The crust punks kick his ass and Jessa and Cool Dad end up in the emergency room, where Cool Dad cries into Jessa’s lap and turns into a total dick when she refuses to go home with him.  Like many a straight dude rejected before him, he accuses Jessa of being a tease.  When she asks that they just stay friends, he spits back that they were never friends in the first place.  Beyond seeing Cool Dad’s true colors, Jessa’s realization that she can’t just go sleeping with the married father of the kids she babysits is an important marker in the evolution of her character—Jessa is learning that that her actions have consequences, and that what feels good now might not feel right after the fact.

But Jessa isn’t all grown up just yet.  When Zosia Mamet accidentally smokes crack (her immediate response is “Don’t tell my mom!”) in the bathroom line, Jessa briefly swears to be her “crack spirit guide” before passing the job off to Ray.  All she wants is for Ray to make sure that “she doesn’t jump off a roof or get fingered by a beat boxer,” two of the most horrible fates that could befall any Bushwick party-goer.  I know we are being set up to root for Zosia Mamet and Ray as a couple, and that worked for me especially as Zosia Mamet ran skirtless through the wide streets of Bushwick with Ray dutifully trailing after her.  The Shoshanna plot line is probably the most superficial this week (though we do learn about her internal struggle to get to the front of kickboxing class), but it is shot beautifully and continues to amuse, so I won’t judge the fluff too harshly.

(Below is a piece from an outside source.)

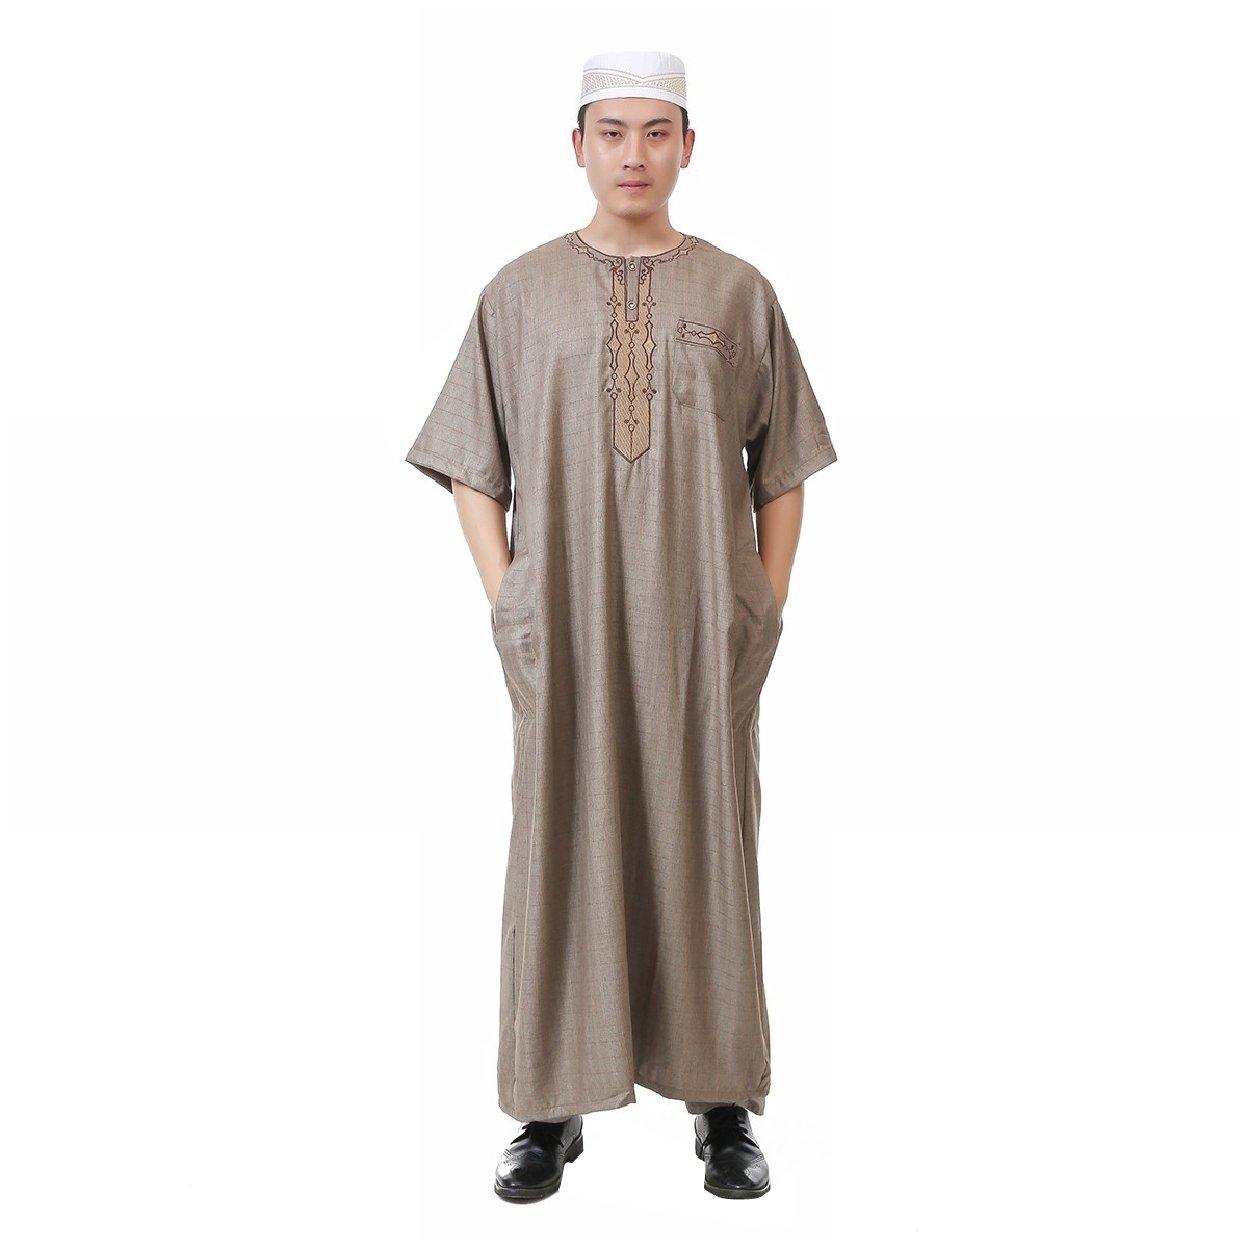 Tootless Mens Embroidered Short Sleeve Islamic Summer Arab Muslim Thobe Coffee 58

But Hannah—our selfish, dowdy Hannah—is a whole different story.  She is barely at the party for twenty minutes before spotting Adam, who we are informed hasn’t made contact since she was in Michigan two weeks prior.  Adam is wearing a shirt!  Hannah has never seen Adam outside of his apartment!  Adam is the kind of guy who hangs out with lesbians.  His dear friend Tako (definitely not Taco) reveals that Adam is a member of AA, a major surprise to Hannah.  From there we realize that we’ve only been privy to the parts of Adam that Hannah has been willing to see—the sex, the posturing, the avoidance—instead of the Adam that is a person with feelings and a past and apparently a wardrobe consisting of pants AND shirts.

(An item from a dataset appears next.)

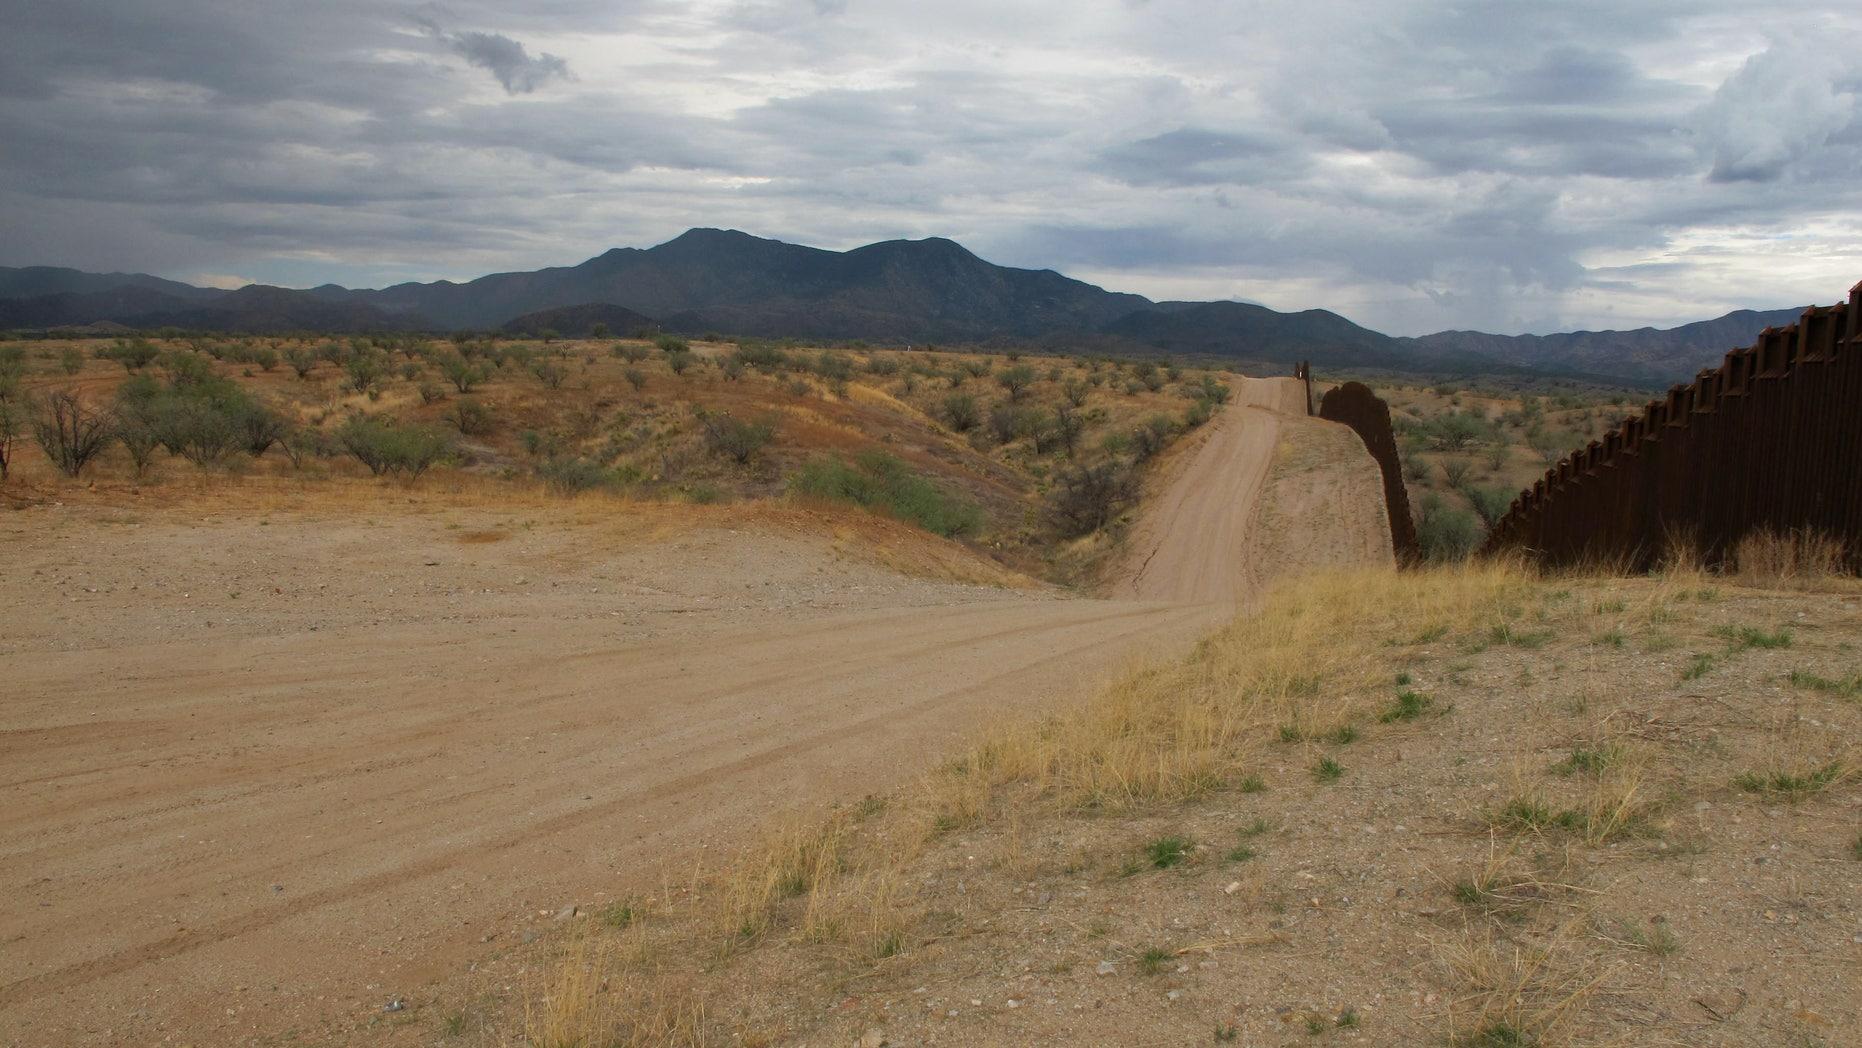 The U.S.-Mexico border fence in Santa Cruz County, AZ.

We know Hannah is selfish and interested mostly in her own internal processes and experience, but it isn’t until this moment that the show lets us in on this secret: Hannah isn’t being slighted by Adam, she’s just essentially been using him for sex and wrongly blaming him for her inability to engage in an adult relationship.  After falling off of his bike on the way to go “scrapping,” Hannah confronts Adam about AA, acting as if his not mentioning this detail is some huge misstep, despite the “Anonymous” part of the whole AA thing.  Adam counters with a pained “You don’t want to know me!” which pulls the curtain back on his end of the relationship.  Here is a girl that just shows up unannounced looking to get her needs met, deigning to occasionally ask if something feels good but not if something feels right (cough, cough, Jessa) and as a result has no real understanding of the person she has been pining for.

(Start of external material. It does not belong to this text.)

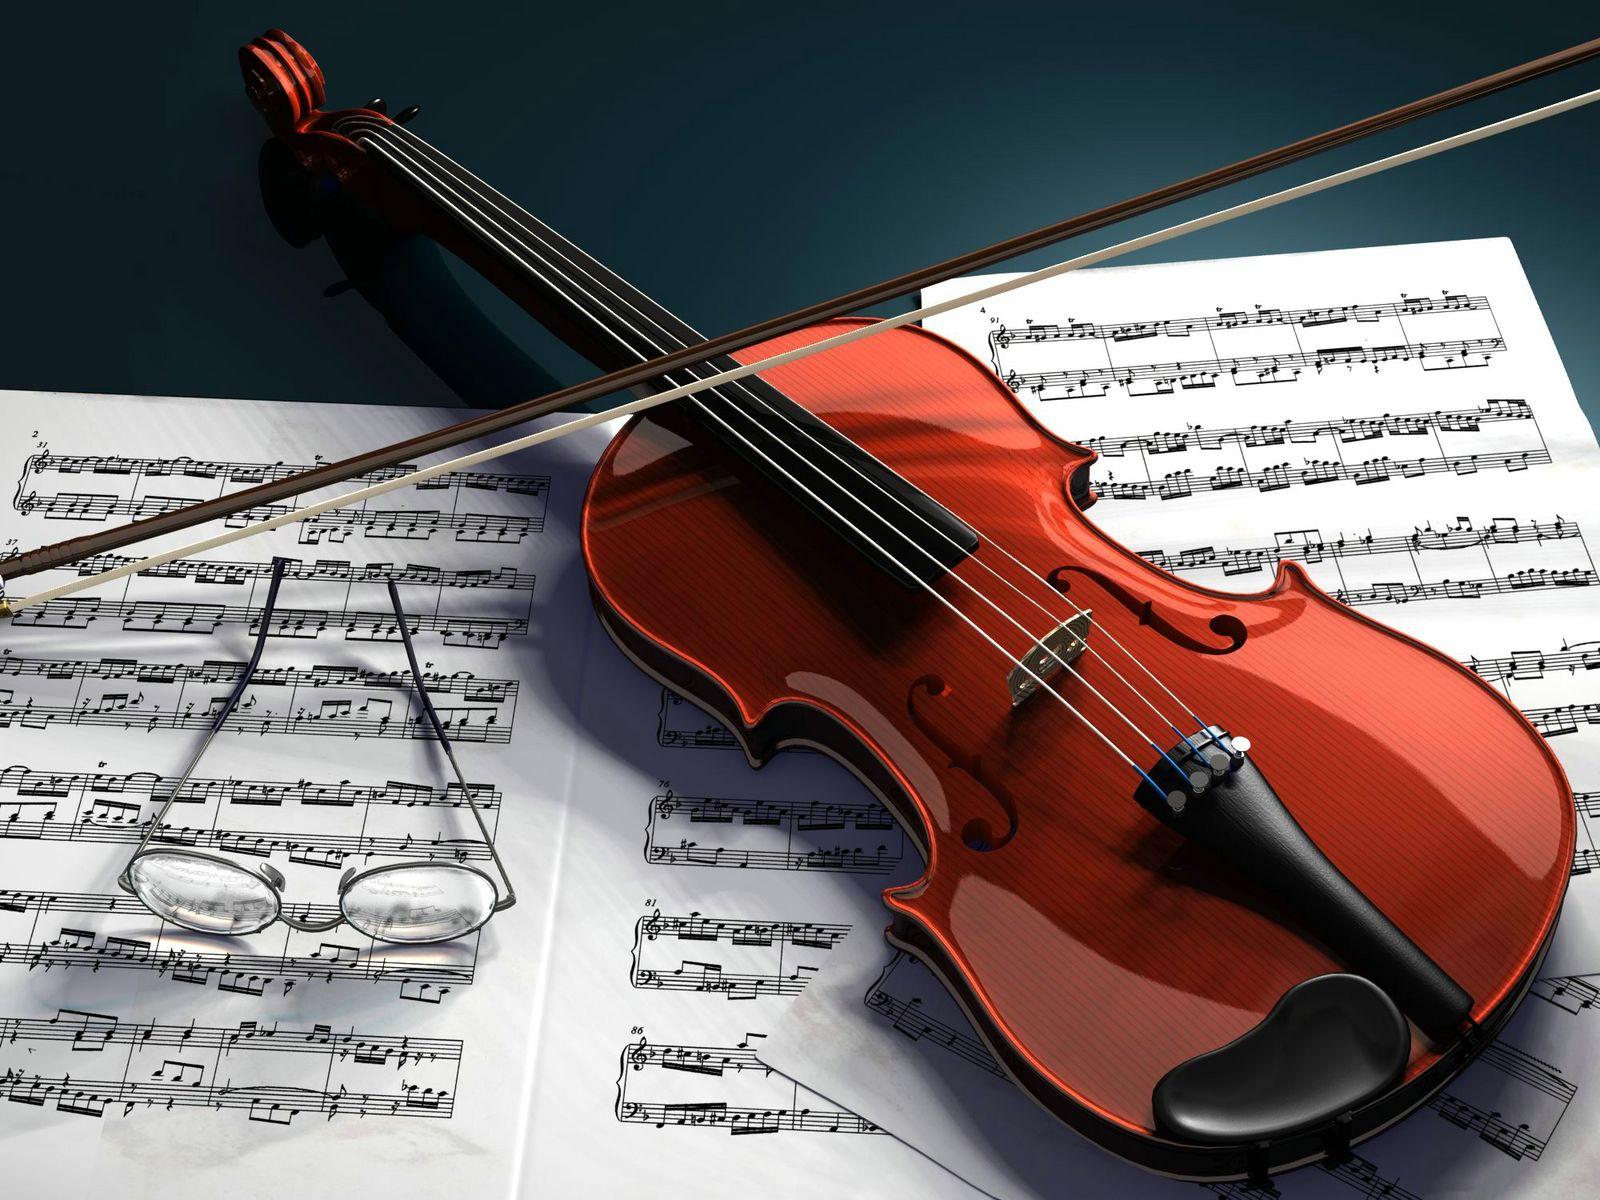 Violin Wallpaper: Violin Wallpaper For Your PC

Marnie, looking for some sort of evidence that she isn’t the selfish girl Elijah accused her of being, sets out to rescue Hannah from Adam, even though Hannah doesn’t need to be rescued; instead, Hannah is finally processing that her failure to really be with Adam has been her fault all along.  Adam is screaming at Hannah, asking if she wants him to be her boyfriend right when Marnie arrives looking to save the day.  We never get Hannah’s response, but if her smile in the taxi ride on the way home—flanked by Marnie and Adam—is any indication, it seems as if her answer was yes.